Once the line containing "Elezioni 2018: i" is found in the records below, return it and each following line exactly, up to and including the line containing "Toon text cartoon", and nothing else.

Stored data
┄┄┄┄┄┄┄┄┄┄

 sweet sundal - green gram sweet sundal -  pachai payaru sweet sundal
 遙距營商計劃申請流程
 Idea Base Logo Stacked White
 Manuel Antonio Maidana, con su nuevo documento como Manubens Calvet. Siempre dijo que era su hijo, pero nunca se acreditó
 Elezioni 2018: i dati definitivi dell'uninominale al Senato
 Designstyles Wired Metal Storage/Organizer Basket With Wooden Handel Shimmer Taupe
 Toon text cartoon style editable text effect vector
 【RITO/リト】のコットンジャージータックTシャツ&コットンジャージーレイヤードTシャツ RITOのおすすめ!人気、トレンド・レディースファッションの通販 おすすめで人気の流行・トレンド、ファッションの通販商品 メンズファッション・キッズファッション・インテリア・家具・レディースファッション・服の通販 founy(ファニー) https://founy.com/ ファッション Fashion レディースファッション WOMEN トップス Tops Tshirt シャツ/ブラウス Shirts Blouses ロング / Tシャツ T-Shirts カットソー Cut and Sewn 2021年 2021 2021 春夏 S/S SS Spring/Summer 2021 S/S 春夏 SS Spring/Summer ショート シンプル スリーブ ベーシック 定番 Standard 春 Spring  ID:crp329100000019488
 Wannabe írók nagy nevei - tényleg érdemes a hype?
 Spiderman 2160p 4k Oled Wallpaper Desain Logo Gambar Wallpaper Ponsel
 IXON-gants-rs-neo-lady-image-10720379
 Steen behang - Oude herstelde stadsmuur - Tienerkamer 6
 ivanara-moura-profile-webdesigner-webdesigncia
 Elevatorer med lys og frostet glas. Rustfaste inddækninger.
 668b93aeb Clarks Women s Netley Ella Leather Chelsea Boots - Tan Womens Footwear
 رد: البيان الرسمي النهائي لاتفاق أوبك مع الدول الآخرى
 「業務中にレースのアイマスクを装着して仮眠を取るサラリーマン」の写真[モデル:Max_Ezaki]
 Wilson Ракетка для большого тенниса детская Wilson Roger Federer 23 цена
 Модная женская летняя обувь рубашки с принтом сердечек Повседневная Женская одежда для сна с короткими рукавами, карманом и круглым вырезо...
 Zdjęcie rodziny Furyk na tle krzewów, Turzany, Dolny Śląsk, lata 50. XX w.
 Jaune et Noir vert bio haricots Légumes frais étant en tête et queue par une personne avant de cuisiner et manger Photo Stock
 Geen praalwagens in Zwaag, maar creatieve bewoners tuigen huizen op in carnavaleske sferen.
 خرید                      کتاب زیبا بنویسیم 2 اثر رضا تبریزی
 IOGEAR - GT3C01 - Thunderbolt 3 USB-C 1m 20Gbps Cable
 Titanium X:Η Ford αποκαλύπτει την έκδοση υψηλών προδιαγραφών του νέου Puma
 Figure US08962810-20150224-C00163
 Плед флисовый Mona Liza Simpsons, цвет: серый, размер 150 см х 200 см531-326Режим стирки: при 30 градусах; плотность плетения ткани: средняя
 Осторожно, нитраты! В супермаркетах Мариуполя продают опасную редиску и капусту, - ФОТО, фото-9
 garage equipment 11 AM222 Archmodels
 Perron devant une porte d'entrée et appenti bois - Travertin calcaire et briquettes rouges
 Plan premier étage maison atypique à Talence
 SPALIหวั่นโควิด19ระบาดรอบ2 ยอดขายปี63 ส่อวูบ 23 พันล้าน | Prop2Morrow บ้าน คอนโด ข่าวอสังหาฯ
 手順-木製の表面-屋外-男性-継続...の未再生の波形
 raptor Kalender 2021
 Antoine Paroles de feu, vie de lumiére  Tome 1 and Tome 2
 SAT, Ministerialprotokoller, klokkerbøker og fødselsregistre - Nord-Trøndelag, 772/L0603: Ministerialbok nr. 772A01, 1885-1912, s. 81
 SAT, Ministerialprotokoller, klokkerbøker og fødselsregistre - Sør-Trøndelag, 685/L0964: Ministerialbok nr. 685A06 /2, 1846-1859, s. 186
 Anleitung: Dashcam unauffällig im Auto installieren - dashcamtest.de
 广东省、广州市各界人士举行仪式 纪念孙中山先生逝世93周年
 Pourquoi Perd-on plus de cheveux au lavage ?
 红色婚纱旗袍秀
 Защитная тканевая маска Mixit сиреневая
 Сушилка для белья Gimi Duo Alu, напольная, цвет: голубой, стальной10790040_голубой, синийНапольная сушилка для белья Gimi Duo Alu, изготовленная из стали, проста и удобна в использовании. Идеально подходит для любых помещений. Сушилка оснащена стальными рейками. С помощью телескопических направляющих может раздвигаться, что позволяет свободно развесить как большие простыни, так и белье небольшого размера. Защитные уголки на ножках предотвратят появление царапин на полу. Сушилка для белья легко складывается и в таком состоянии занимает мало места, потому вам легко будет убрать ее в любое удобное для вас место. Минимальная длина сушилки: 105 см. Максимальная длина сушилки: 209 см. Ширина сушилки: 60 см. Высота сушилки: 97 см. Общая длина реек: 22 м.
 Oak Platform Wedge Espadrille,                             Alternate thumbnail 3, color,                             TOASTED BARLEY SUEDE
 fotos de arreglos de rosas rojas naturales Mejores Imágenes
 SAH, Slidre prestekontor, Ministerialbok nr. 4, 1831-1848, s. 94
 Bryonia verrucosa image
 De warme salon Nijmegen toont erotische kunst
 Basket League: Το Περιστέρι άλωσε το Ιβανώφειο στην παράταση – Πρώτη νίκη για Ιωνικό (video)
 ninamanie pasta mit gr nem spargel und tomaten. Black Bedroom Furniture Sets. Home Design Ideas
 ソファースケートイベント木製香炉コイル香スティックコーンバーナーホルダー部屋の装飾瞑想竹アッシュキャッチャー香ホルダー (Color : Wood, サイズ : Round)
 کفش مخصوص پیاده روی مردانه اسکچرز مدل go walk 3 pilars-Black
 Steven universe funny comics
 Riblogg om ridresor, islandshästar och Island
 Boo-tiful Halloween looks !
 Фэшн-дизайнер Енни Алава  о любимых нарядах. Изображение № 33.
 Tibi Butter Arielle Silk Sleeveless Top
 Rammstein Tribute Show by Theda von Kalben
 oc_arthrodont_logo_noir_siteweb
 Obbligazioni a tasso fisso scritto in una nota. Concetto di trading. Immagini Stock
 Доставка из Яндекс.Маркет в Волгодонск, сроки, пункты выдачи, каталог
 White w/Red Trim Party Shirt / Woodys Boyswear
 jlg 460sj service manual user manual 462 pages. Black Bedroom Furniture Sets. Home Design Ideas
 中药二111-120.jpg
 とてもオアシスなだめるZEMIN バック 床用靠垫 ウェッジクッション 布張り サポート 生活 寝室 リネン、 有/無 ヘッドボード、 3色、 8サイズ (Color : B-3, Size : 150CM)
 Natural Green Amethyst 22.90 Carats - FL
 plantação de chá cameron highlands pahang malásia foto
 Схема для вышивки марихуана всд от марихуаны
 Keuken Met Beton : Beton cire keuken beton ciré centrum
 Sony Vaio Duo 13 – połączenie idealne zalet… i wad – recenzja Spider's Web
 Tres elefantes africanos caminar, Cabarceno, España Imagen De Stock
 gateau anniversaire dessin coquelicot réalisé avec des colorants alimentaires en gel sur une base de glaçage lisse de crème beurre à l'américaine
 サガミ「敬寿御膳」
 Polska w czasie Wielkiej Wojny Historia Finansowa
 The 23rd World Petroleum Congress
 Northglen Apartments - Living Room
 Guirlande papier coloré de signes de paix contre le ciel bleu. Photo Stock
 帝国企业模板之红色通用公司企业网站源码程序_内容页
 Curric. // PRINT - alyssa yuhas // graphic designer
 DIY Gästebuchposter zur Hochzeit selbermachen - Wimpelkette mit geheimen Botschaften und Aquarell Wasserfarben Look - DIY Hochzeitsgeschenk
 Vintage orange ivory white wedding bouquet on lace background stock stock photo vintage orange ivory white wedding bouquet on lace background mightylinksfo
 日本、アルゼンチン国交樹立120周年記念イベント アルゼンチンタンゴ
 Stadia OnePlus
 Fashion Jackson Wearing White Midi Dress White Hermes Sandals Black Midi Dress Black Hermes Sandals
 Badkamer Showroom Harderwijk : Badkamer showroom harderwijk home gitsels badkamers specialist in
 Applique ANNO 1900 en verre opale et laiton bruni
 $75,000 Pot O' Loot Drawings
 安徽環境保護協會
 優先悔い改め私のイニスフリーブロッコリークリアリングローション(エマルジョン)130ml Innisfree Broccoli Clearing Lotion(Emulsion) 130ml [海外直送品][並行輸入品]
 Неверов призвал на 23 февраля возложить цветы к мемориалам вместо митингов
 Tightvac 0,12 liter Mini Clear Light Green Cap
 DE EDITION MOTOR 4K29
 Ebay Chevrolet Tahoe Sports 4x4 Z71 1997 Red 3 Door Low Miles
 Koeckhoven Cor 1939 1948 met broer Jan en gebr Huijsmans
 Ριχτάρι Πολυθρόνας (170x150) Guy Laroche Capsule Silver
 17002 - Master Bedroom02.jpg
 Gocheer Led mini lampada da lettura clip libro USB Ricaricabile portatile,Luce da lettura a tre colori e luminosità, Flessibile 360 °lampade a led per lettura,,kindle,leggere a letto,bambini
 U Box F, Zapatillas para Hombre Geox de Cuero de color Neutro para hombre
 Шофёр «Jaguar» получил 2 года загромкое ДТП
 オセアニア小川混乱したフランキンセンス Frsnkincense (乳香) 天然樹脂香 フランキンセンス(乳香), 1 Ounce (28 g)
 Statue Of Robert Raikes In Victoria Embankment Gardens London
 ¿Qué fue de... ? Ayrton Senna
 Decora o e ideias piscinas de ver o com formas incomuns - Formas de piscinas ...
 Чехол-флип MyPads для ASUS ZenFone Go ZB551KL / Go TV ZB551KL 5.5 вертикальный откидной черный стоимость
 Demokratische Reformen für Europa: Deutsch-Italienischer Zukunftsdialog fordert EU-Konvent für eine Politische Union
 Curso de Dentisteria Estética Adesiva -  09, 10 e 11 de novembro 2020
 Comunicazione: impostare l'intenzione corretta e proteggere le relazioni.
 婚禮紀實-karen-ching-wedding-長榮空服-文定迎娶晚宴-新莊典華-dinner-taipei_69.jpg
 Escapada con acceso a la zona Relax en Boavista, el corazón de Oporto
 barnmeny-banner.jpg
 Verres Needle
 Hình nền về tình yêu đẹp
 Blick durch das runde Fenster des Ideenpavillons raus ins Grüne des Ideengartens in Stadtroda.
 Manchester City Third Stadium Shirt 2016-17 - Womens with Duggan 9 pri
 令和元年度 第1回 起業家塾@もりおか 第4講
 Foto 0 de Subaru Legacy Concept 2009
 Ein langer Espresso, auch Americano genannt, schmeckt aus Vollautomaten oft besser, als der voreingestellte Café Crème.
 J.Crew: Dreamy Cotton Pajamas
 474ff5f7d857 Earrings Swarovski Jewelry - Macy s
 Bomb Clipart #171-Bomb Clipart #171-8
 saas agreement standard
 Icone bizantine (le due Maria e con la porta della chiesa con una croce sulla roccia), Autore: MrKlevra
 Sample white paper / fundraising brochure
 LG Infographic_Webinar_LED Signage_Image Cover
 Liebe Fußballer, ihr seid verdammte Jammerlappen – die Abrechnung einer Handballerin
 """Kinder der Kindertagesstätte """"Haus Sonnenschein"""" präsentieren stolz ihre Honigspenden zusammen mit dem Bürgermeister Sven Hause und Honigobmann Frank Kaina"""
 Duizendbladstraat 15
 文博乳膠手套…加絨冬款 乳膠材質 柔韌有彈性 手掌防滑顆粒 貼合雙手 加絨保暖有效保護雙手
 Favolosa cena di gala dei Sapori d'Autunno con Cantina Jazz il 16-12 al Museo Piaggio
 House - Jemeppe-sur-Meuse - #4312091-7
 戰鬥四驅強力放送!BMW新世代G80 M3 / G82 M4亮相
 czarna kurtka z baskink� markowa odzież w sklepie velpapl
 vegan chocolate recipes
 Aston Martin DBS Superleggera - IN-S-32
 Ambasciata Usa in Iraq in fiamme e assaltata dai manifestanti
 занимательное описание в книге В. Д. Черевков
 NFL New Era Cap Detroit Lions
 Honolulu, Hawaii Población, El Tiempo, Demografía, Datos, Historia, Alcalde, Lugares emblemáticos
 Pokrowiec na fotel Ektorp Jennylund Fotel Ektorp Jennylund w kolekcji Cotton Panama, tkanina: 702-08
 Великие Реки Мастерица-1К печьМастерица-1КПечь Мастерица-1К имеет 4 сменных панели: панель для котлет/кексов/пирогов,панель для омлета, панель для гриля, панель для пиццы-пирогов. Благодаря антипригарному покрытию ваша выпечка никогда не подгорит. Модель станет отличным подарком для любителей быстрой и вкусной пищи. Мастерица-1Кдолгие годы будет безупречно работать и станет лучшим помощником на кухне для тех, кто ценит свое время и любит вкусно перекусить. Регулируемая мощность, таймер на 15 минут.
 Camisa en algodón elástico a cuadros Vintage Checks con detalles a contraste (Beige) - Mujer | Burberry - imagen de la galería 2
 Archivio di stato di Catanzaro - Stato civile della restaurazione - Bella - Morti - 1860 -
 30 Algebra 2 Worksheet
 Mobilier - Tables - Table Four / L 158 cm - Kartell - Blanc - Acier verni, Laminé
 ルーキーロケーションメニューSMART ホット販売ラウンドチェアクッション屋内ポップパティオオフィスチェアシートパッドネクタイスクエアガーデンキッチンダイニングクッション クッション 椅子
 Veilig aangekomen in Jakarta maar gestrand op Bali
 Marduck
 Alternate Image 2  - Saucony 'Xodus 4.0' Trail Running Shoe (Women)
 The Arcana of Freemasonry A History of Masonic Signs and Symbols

┄┄┄┄┄┄┄┄┄┄

OUTPUT OF THE EXERCISE =
 Elezioni 2018: i dati definitivi dell'uninominale al Senato
 Designstyles Wired Metal Storage/Organizer Basket With Wooden Handel Shimmer Taupe
 Toon text cartoon style editable text effect vector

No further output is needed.